Score → Level Mapping
| Range | Level |
|---|---|
| 0–19 | safe |
| 20–39 | low |
| 40–59 | medium |
| 60–79 | high |
| 80–100 | critical |
Blocking Thresholds
| Mode | Threshold |
|---|---|
| Normal | score ≥ 60 |
| Strict | score ≥ 40 |
Normalization Strategy
The normalizer defeats common obfuscation techniques used in prompt injection attacks:
-
Invisible character stripping: Removes 20+ zero-width and invisible Unicode characters (U+200B, U+200C, U+200D, U+FEFF, etc.) that attackers insert between letters to break pattern matching.
-
Homoglyph mapping: Maps 50+ visually similar characters from Cyrillic, Greek, and mathematical symbol ranges to their ASCII equivalents.
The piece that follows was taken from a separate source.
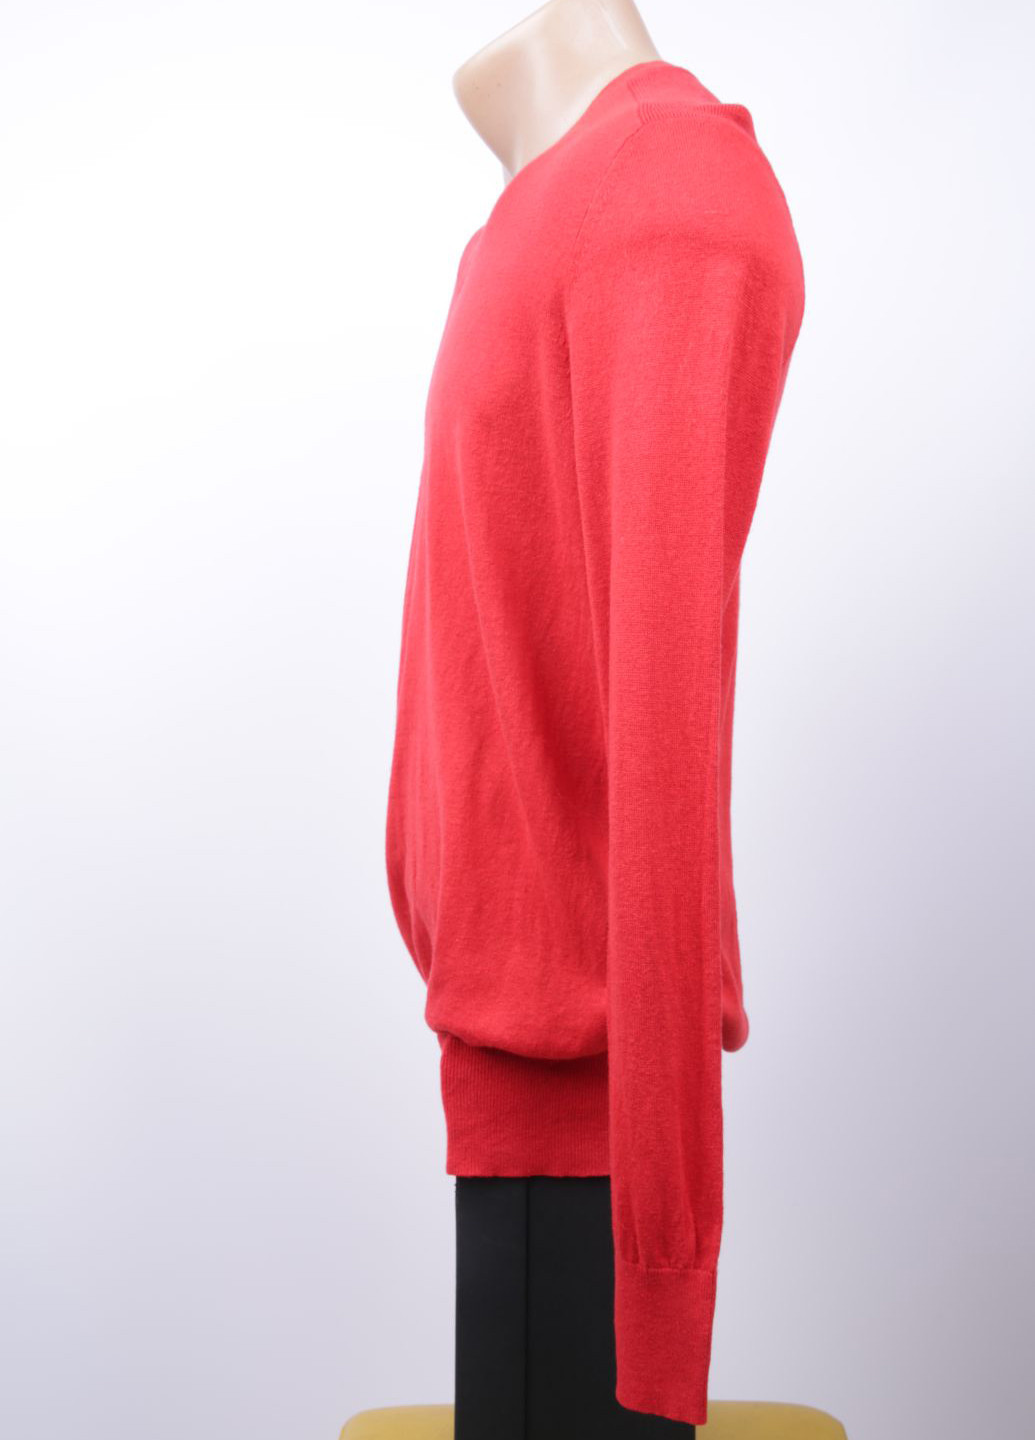 Червоний демісезонний пуловер пуловер Banana Republic

Example: Cyrillic ‘а’ (U+0430) → Latin ‘a’.
-
Full-width normalization: Converts full-width ASCII variants (U+FF01–U+FF5E) to standard ASCII (U+0021–U+007E).
-
Whitespace collapsing: Multiple whitespace characters (spaces, tabs, newlines) are collapsed to a single space.
Thread Safety
All components are safe for concurrent use:
- Scanner: Read-only after construction (compiled regex patterns).
- Normalizer: Stateless — pure function.
- Domain checker: Read-only after construction.
- Service client: Uses
http.Clientwhich is concurrency-safe. - Client: Composes all of the above — no mutable state during operation.
Runtime Guardrails
The current implementation includes lightweight production guardrails:
- Input bounding:
MaxInputByteslimits analysis payload size. - Decode bounding:
MaxDecodeDepthandMaxDecodedVariantscap obfuscation expansion. - Retry controls:
ServiceRetriesretries transient deep-service failures. - Circuit breaker:
ServiceCircuitFailureThreshold+ServiceCircuitCooldownprevent repeated service stalls from impacting local scans. - MCP HTTP auth: Optional bearer/API-key auth (
--auth-token) for streamable HTTP transport.
Circuit breaker scope:
- Breaker state is process-local (per running
idpishieldinstance). - In horizontally scaled deployments, each instance tracks failures independently.
- For shared breaker behavior across replicas, use an external shared-state mechanism in your platform layer.
Profile safety note:
defaultprofile is intentionally lightweight for local/dev usage.- Use
--profile productionin production startup commands and deployment manifests.
Dependencies
The root library primarily uses Go standard library components plus targeted external packages where needed (for example Unicode normalization). CLI/MCP adapter components have additional dependencies.